Пасмурная погода подпортила идиллию всеобщего ожидания лета. Майские отгремели, а солнце спало за тучами. Моросил дождь. Аня шагала под зонтиком по аллеям Южного парка, глядя под ноги, изредка – на пустые скамейки. После пар она не спешила в пустую квартиру: вдыхала землистую сырость и, робея от прохлады, невольно вспоминала события трехмесячной давности.
В душе кислотой жгло негодование. Она была права, была так близка к разгадке. И что теперь? Скоро последний звонок, а ей запрещено поздравить брата с окончанием школы. Он сменил номер, оборвал связи. Бабушка горстями пила таблетки, медленно шла на поправку и страдала забывчивостью. Дядя уехал на Север. Весь дым могрости улетучился с отъездом из Сажного, шрамами напоминая о пережитых ужасах.

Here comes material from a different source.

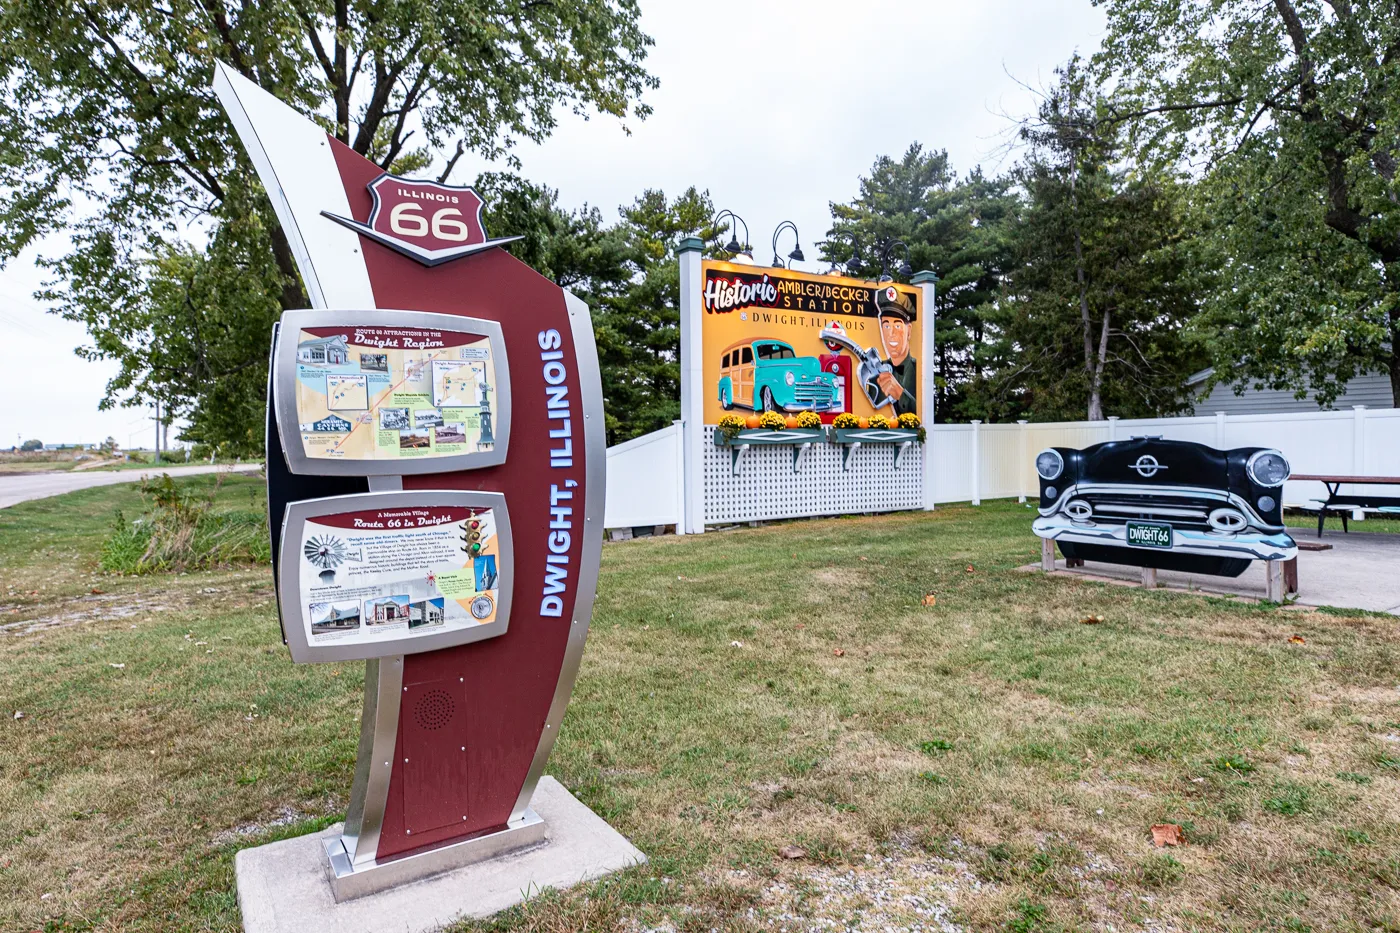 Ambler's Texaco Gas Station in Dwight, Illinois Route 66 Roadside Attraction

Перед глазами вновь выросли кованные ворота, палец немел, но давил кнопку звонка. Калитку открыла Надя: ни проблеска прежней улыбки, чернеющая неприязнь в глазах.
– Что случилось? – испуганно спросила, кутаясь в шубку. – Это кровь на лице?
– Где Рома?
– Уехал. С Костей в отделение.
– Позвони ему! – громко потребовала Аня, вытирая губы и нос влажной салфеткой. Металлический привкус крови во рту вызывал тошноту.
Взгляд Нади ожесточился.
– Не думаю, что ты в праве требовать.
– Он лжет! Ты знаешь, что лжет! Байчурин не нападал на Гришу. Клевета. Это не он.
– Полиция разберется.
– Надя, – Аня схватила ее за руки, – это Сыч надоумил, да? Ты ведь знаешь, что Сыч его подговорил? Он его окончательно сломил. Отчим и он.
Нади скинула ее руки с запястий, с отвращением отходя за калитку.
– Костя?.. Опять Костя, естественно. Аня, пора забыть подростковые обиды.
– Послушай! При чем тут обида? Я не обижена на него, я видела…
– Это подло. – Надя выставила ладонь, отворачиваясь. – Месть – это подло. Ты еще встретишь свою любовь. Не стоит нам завидовать. Лоре с Костей сложно временами. Отношения – огромный труд, уступки, понимание…
– Прекрати! – Аня едва сдерживалась, чтобы не схватить Надю за ворот шубки, не потащить насильно к служебной «Приоре» у дома Лесохиных. – Речь об убийствах в Сажном. О смерти Тани.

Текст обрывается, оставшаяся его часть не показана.